# Lemon Garlic Scallops



## Phoenix

https://www.jocooks.com/recipes/lemon-garlic-scallops/

Lemon Garlic Scallops

These Lemon Garlic Scallops are pan seared in butter and served in a delicious lemon garlic sauce! 10 Minutes is all you need for these tender scallops!

Servings: 4

Ingredients:

Scallops
1 1/4 lb scallops
2 tbsp olive oil
2 tbsp butter
1/4 tsp salt or to taste
1/4 tsp pepper or to taste

Sauce
2 tbsp olive oil
2 tbsp butter
5 cloves garlic minced
1/4 cup white wine
2 tbsp lemon juice from 1 lemon
1/4 tsp salt or to taste
1/4 tsp pepper or to taste

Instructions:

Remove the side muscle from the scallop the pat them dry with paper towels.

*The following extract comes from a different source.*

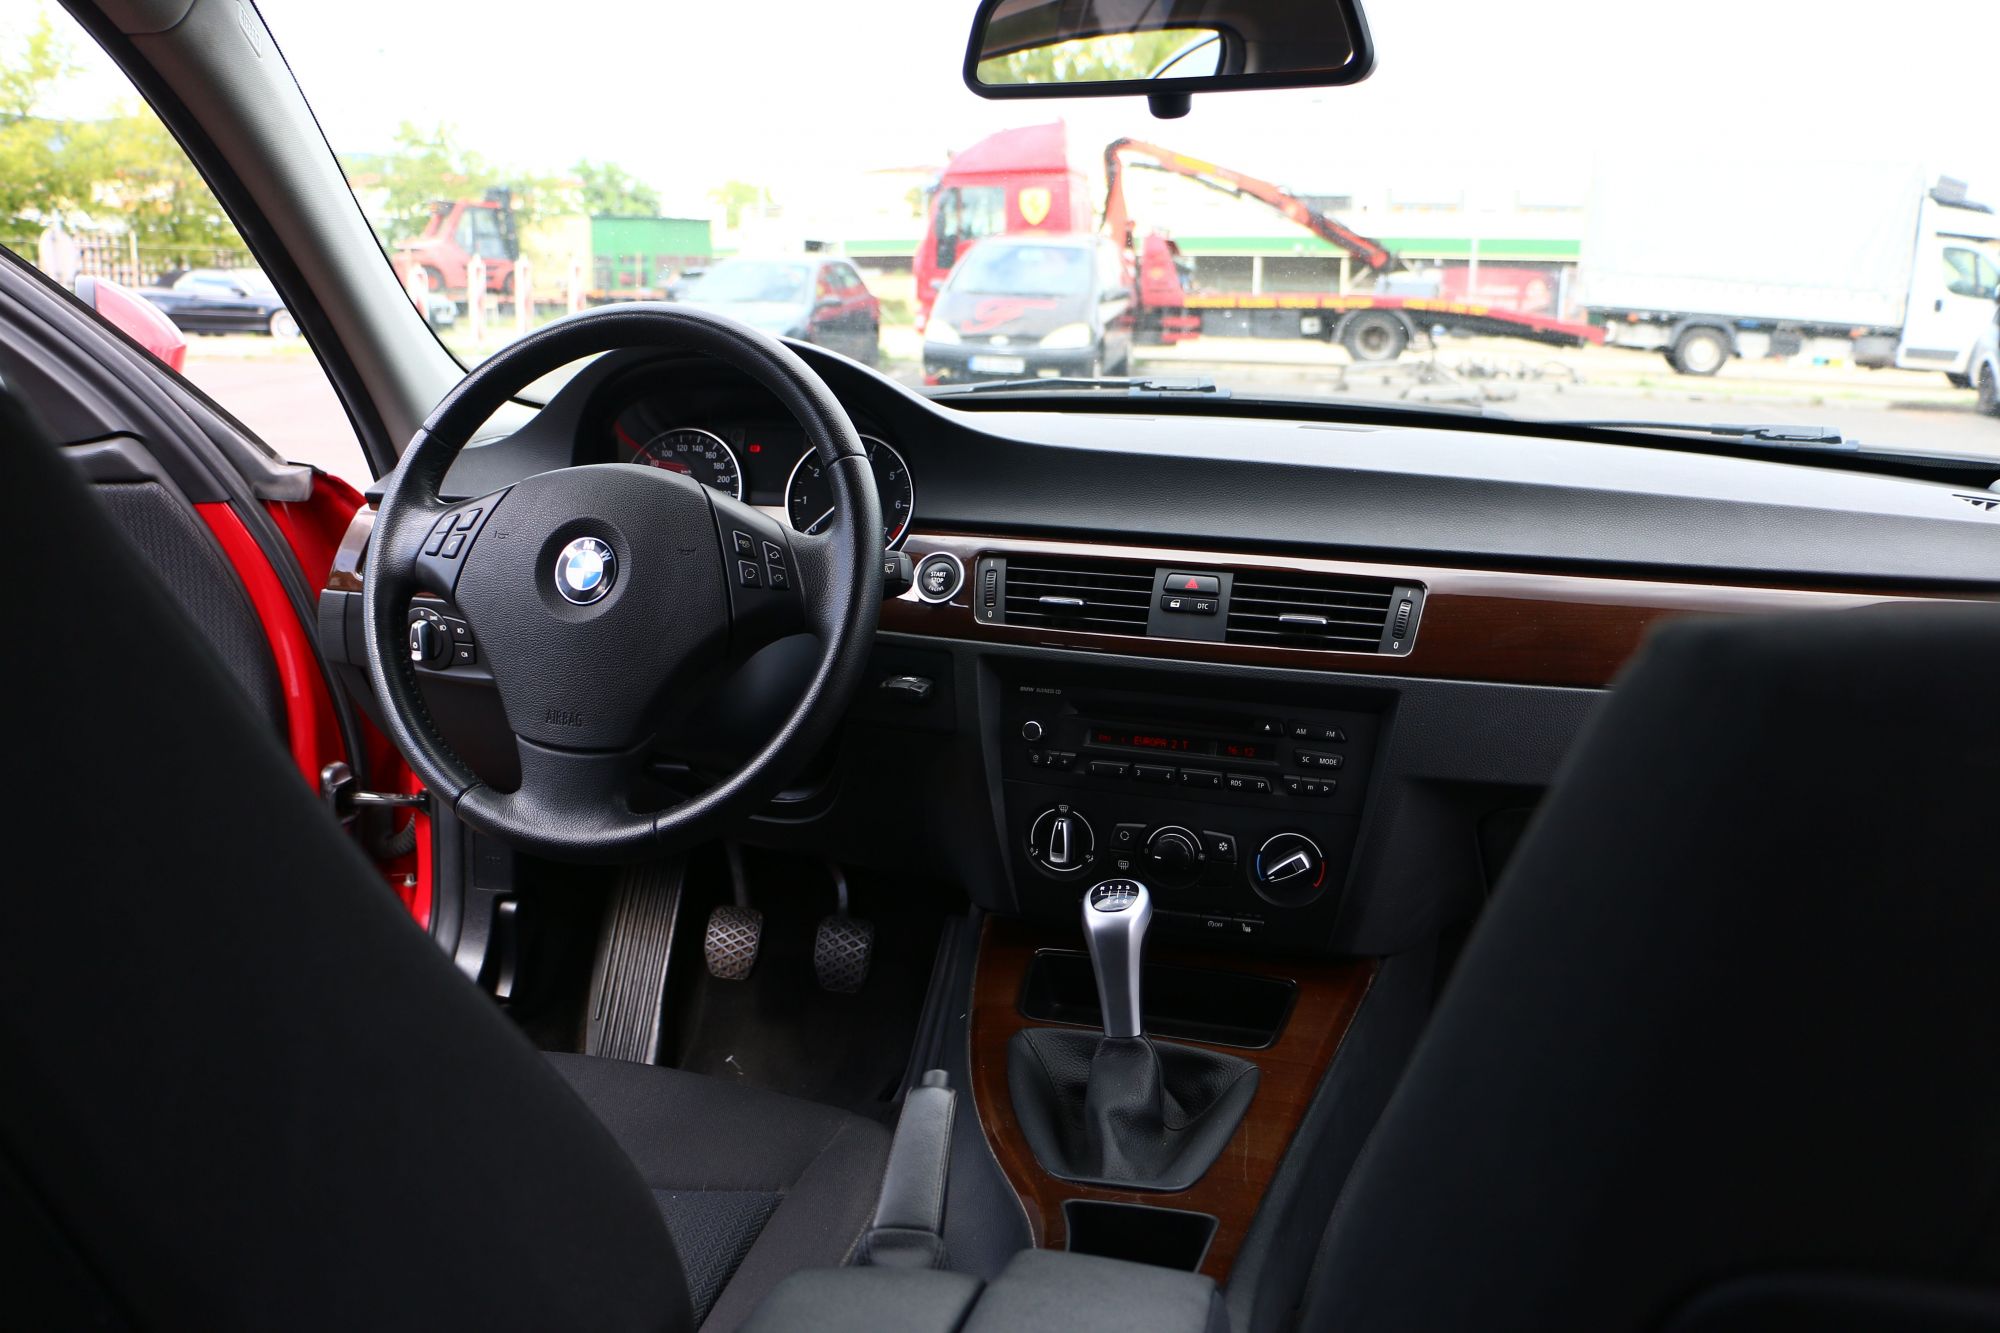 Foto: BMW 318i, 2.0 SPORTLINE EDITION
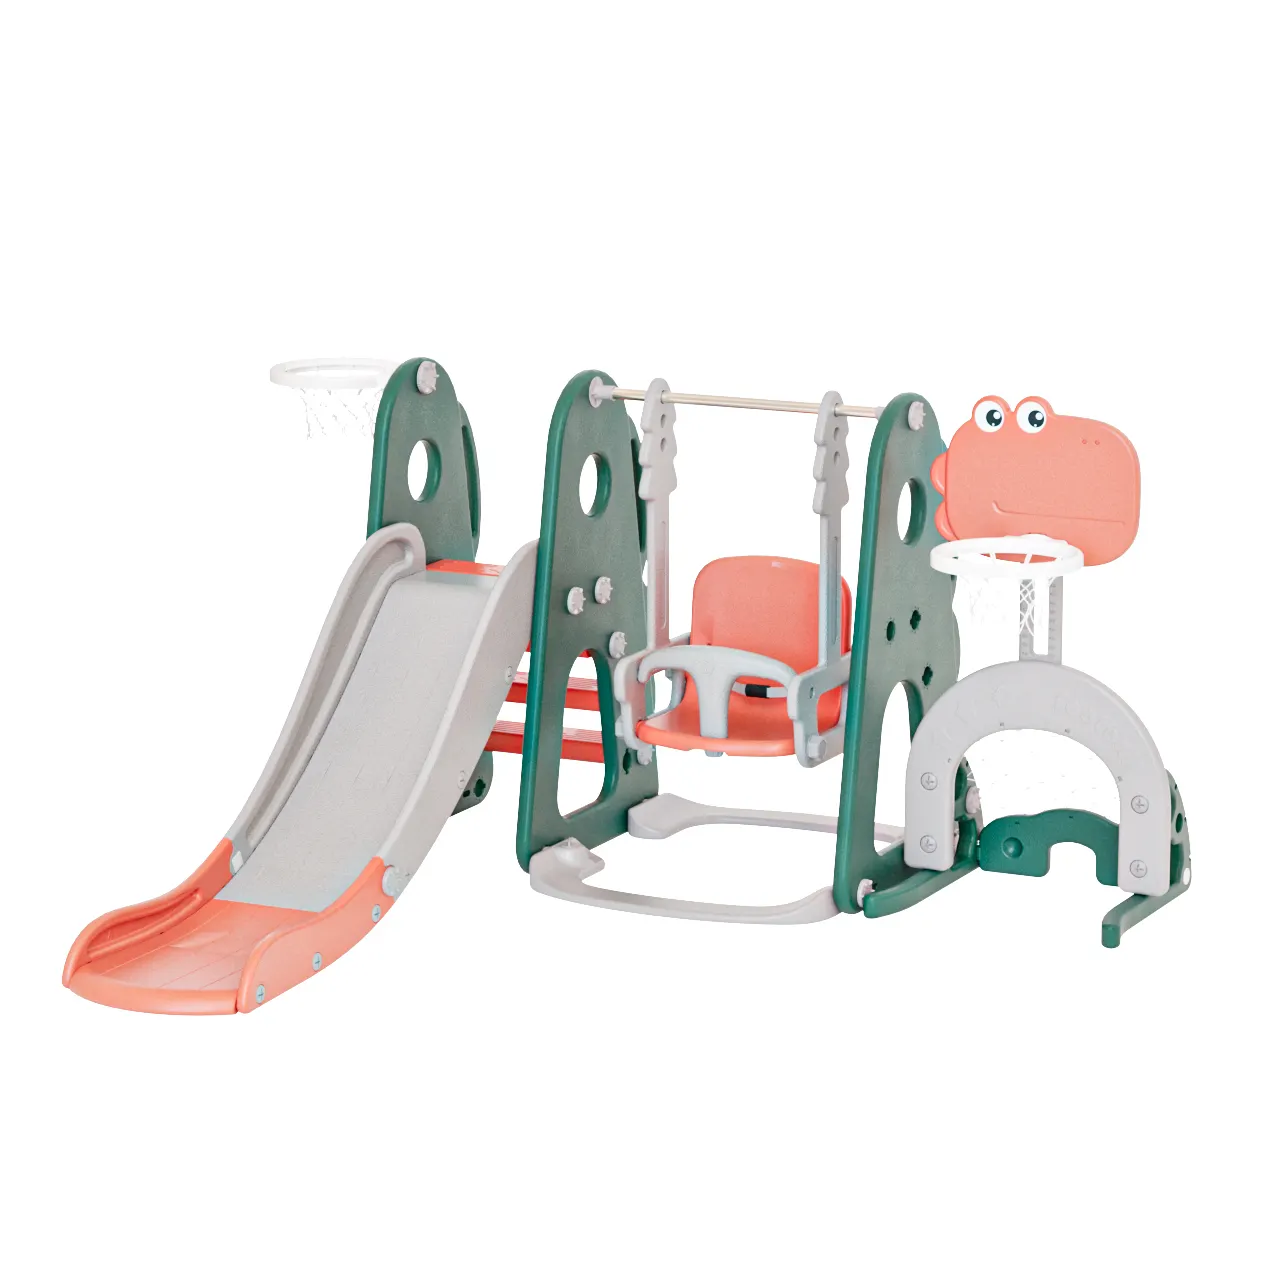 Swing Kids Slide Plastic Indoor For Children ,Kids Indoor Slide

Heat the olive oil in a large skillet on high heat. Gently add the scallops to the skillet, making sure they are not touching each other. Season them generously with salt and pepper then add the 2 tbsp of butter to the skillet. Sear the scallops for 2 minutes on the first side then flip them over and cook for another 2 to 3 minutes on the other side. Season the other side with salt and pepper as well. They should have a golden crust on each side when they are done. Cook in batches if they don't all fit in the skillet. Transfer the scallops to a plate.

In another skillet (see notes) heat the olive oil over high heat then add the butter and cook until it melts. Add the garlic and saute for 20 to 30 seconds until it becomes aromatic. Don't over cook it, you don't want it to burn.

Add the white wine and lemon juice and season with salt and pepper to taste. Cook the sauce for another minute then turn off the heat. Add the scallops back to the skillet, including all the juices.

Serve immediately over pasta.

Recipe Notes:

Please note that in the pictures that's 2 pounds of scallops, but I changed the recipe to 1 1/4 pounds since most scallops are sold in 1 to 1 1/4 pound bags.

I used a Pinot Grigio white wine for this recipe, which also make a great wine to serve with.

While I used a different skillet to make the sauce, you could certainly use the same skillet and scrape the brown bits from the bottom to make the sauce with. I basically wanted a more clear sauce, but this is totally optional.


----------



## Kansas g-ma

Unless I go to a market with a special seafood shop, I seldom see scallops and probably wouldn't pay the price anyway. I'll bet this would work very well with shrimp.


----------



## Phoenix

Yes, I'm sure that shrimp would be very good in this recipe. I can't afford scallops either. Mostly we get those tiny little bay scallops here and the sea scallops are over $20.00 a pound!!!!


----------



## LorettaHR

I recently made something quite similar to this, only it also called for 1/2 c chicken broth and (rinsed) capers. It was wonderful! I had never cooked scallops before. They were still frozen in the center when I initially fried them, but came out well done and not chewy.


----------



## eikeat

This really looks yummy.


----------